Reason Winston, the main character of the book, works at the ministry of truth, where his job is to re-write and falsify history (another example of doublethink).
“The popular perception of history is based on brainwashing by the mass media, indoctrination by the education system, peer group pressure, self-censorship and television “docudramas.” Docudramas such as Winds of War; Tora, Tora, Tora; Gandhi; Gallipoli; and Holocaust, which pervade people’s 1984-like telescreens, are a blend of fact and fiction. They give a clear and believable, but usually completely misleading view, of historical events” (http://www.ihr.org/jhr/v06/v06p–9_Bennett.html
- April 7, 2003
The headlines read, “Body of ‘Chemical Ali’ found”. CNN tells us, “The notorious Iraqi general known as ‘Chemical Ali’ … was killed in a coalition airstrike on his home over the weekend, U.S.-led coalition officials said…” Rumsfeld told us, “We believe that the reign of terror of Chemical Ali has come to an end.” The Kurds breathe a sigh of relief.
August 21, 2003
The headlines read, “‘Chemical Ali’ in custody.” CNN tells usthat the military has indicated Ali Hassan al-Majid was taken into custody several days ago.
(http://beta.morons.org/tally-ho/article/read/3836)
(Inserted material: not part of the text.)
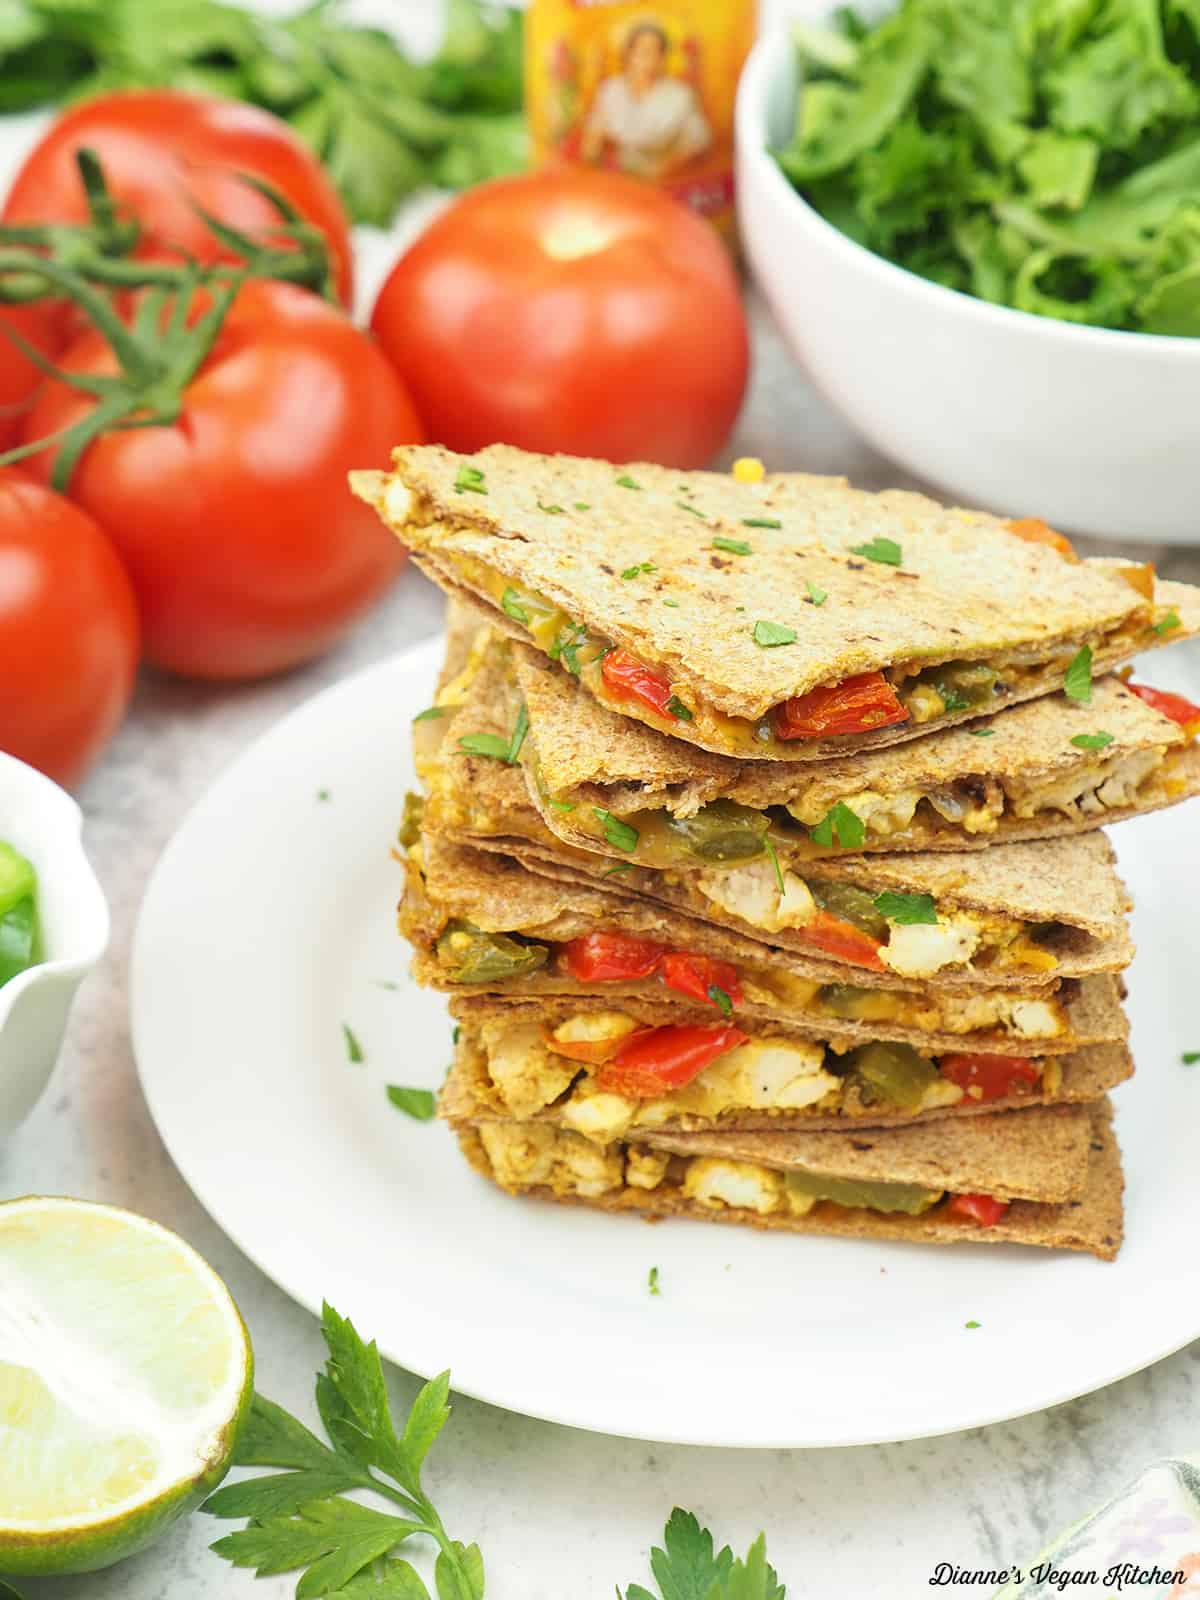 stack of breakfast quesadillas with tomatoes, salad, avocado, and lime

From “A Chilling Inheritance of Terror” by Syed Saleem Shahzad, Asia Times, 30 Oct 2002:
Ever since the frenzied shootout last month on September 11 in Karachi there have been doubts over whether Khalid Shaikh Mohammed, the self-proclaimed head of al-Qaeda’s military committee, died in the police raid on his apartment.
…
Now it has emerged that Kuwaiti national Khalid Shaikh Mohammed did indeed perish in the raid
From “Pakistanis Arrest Qaeda Figure Seen as Planner of 9/11″ by Erik Eckholm, New York Times, 2 March 2003:
Khalid Shaikh Mohammed, suspected of planning the Sept. 11 attacks on New Yorkand Washington and one of the F.B.I.’s most wanted terrorists, was detained by Pakistani authorities this morning and is now in American custody, officials said.